OAM server Coherence node fails to join the Coherence cluster !!

Dec

2018

Posted in Oracle Fusion DBA, Performance Tuning, Uncategorized No comments

Hi Guys,

In today’s post will see the troubleshooting of Coherence Cluster where OAM server coherence node not able to join the Coherence Cluster.

Issue:

In one server, I installed OID (12c)and OAM(12c) and created separate domains, but OID domain is in production and OAM domain is in Development mode.

Now, when I start OID Admin, Managed servers it starts successfully and when I start OAM managed server it’s throwing below error.

Error:

2.1.3.0 <Error> (thread=Cluster, member=n/a): This member could not join the cluster because of a mismatch between Coherence license types. This member was attempting to run in dev mode.
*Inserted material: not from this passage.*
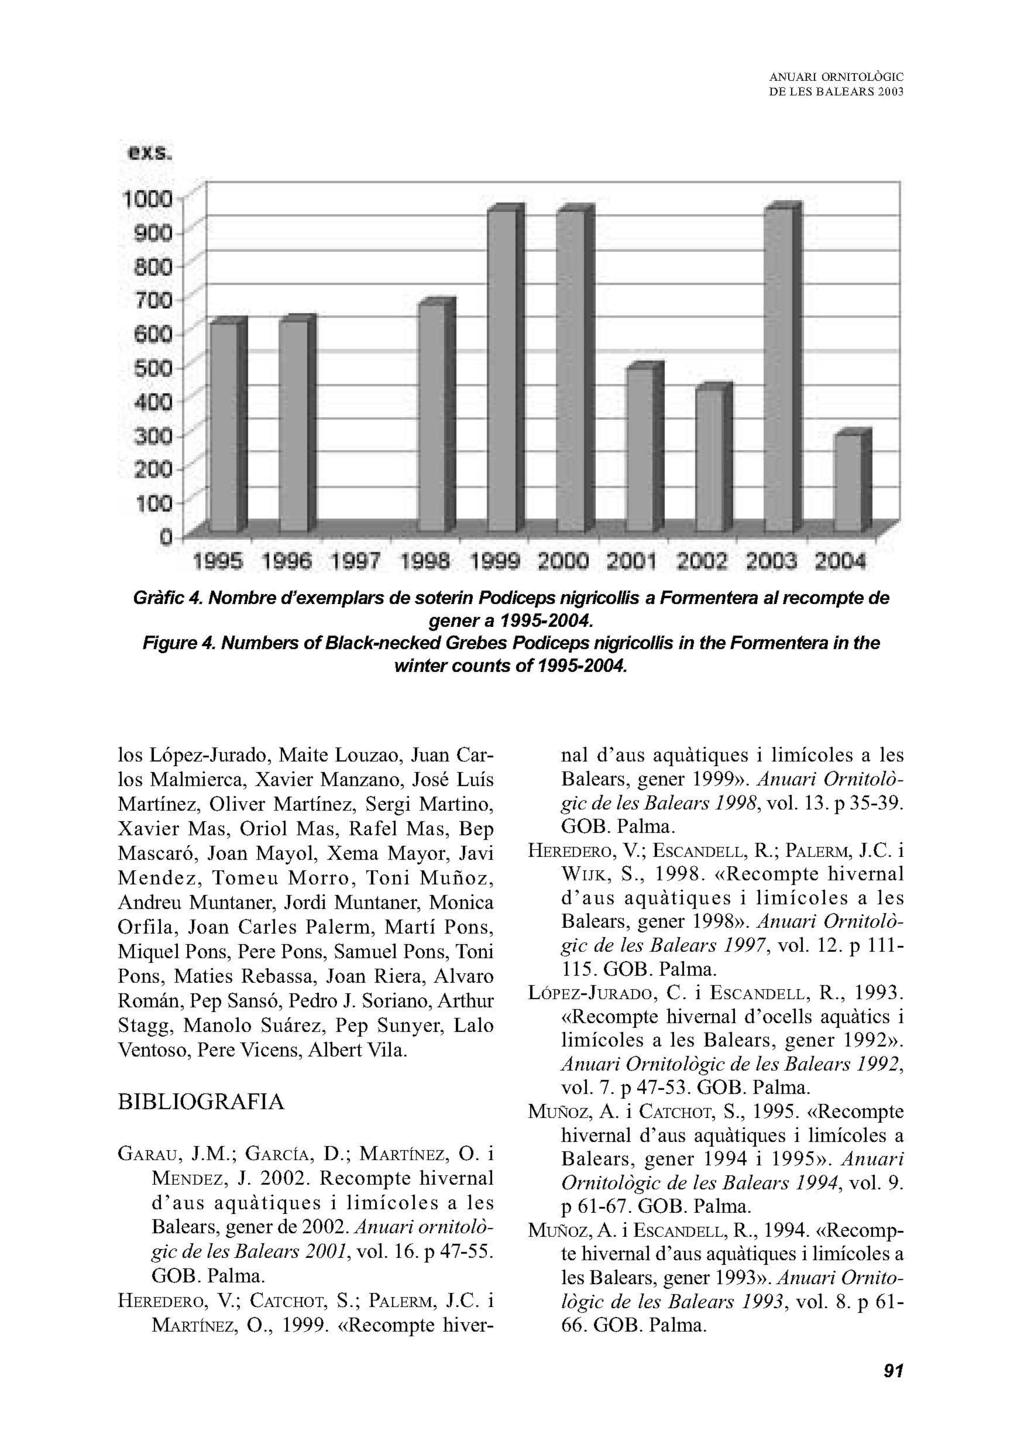 1995 1MG 19&7 1999 2ÜM 2001 2ÜD3 Gràfic 4. Nombre d'exemplars de soterin Podiceps nigricollis a Formentera al recompte de gener a 1995-2004. Figure 4.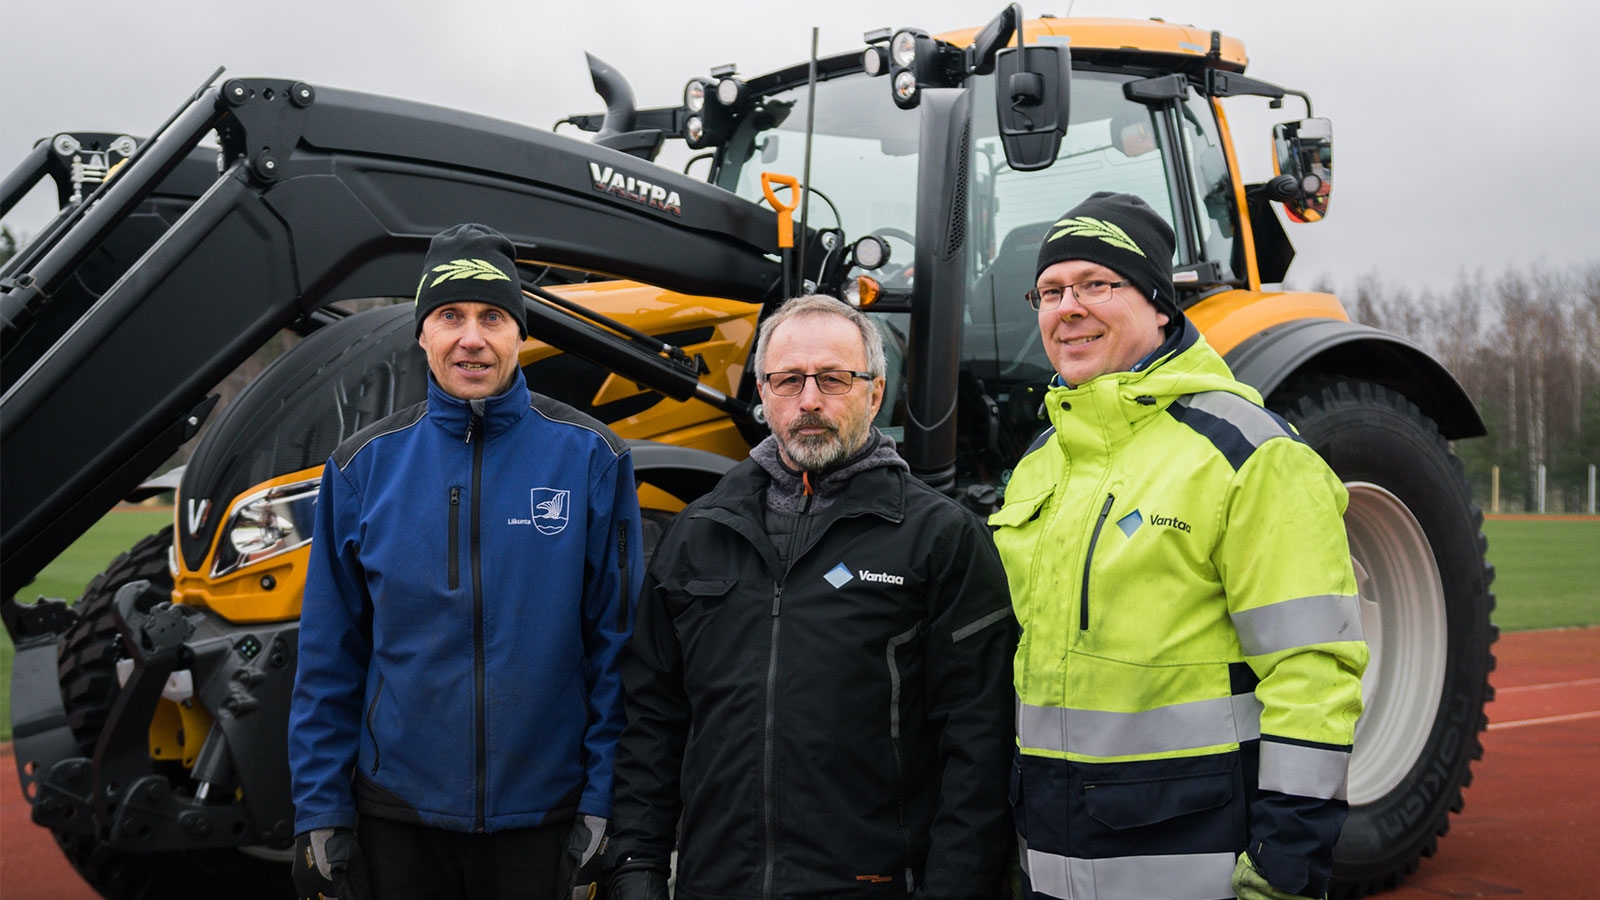 Vantaa kaupunki luottaa Valtra-traktoreihin liikuntapaikkojen ylläpidossa.

Rejected by Member(Id=1, Timestamp=2018-12-23 12:09:04.483, Address=192.168.0.150:51939, MachineId=8191, Location=site:hussain.net,machine:oidhost1,process:2097,member:wls_ods1, Role=WeblogicServer).>
<Dec 23, 2018 12:41:06,852 PM GST> <Error> <com.oracle.coherence> <BEA-000000> <2018-12-23 12:41:06.852/22.348 Oracle Coherence GE 12.2.1.3.0 <Error> (thread=[ACTIVE] ExecuteThread: ‘0’ for queue: ‘weblogic.kernel.Default (self-tuning)’, member=n/a): Error while starting cluster: java.lang.RuntimeException: Failed to start Service “Cluster” (ServiceState=SERVICE_STOPPED, STATE_JOINING)
at com.tangosol.coherence.component.util.daemon.queueProcessor.Service.start(Service.CDB:38)
at com.tangosol.coherence.component.util.daemon.queueProcessor.service.Grid.start(Grid.CDB:6)
at com.tangosol.coherence.component.net.Cluster.startSystemServices(Cluster.CDB:4)
at com.tangosol.coherence.component.net.Cluster.onStart(Cluster.CDB:53)
at com.tangosol.coherence.component.net.Cluster.start(Cluster.CDB:12)
at com.tangosol.coherence.component.util.SafeCluster.startCluster(SafeCluster.CDB:4)
at com.tangosol.coherence.component.util.SafeCluster.restartCluster(SafeCluster.CDB:10)
at com.tangosol.coherence.component.util.SafeCluster.ensureRunningCluster(SafeCluster.CDB:32)
at com.tangosol.coherence.component.util.SafeCluster.getRunningCluster(SafeCluster.CDB:7)
at com.tangosol.coherence.component.util.SafeCluster.start(SafeCluster.CDB:5)
at com.tangosol.net.CacheFactory.ensureCluster(CacheFactory.java:580)
at weblogic.cacheprovider.coherence.EnsureClusterService.initialize(EnsureClusterService.java:51)
at weblogic.cacheprovider.coherence.EnsureClusterService.start(EnsureClusterService.java:34)
at weblogic.server.AbstractServerService.postConstruct(AbstractServerService.java:76)
at sun.reflect.GeneratedMethodAccessor2.invoke(Unknown Source)
at sun.reflect.DelegatingMethodAccessorImpl.invoke(DelegatingMethodAccessorImpl.java:43)

Solution:

After doing investigation came to know like below.

Cause:

The problem is, there are multiple products installed on the same machine which are using the same cluster name, but with differing configurations. In this case, the OID installation is using the production mode, while there is a OAM server cluster which is configured to use default Development mode. Since both installations are using the same cluster name their instances try to form a single shared cluster but the difference in cluster mode triggers the error. The principle differences between the production and development modes is the length of time a node will attempt to join a cluster before aborting.

Fix:

Since there is no reason for the OIDand OAM installations to share the same cluster, which might introduce unwanted dependencies, the solution is to configure one to use a different cluster. In this case, since the problem is first seen with the installation, a new cluster should be created in the OAM installation so it can be used instead of the defaultCoherenceCluster.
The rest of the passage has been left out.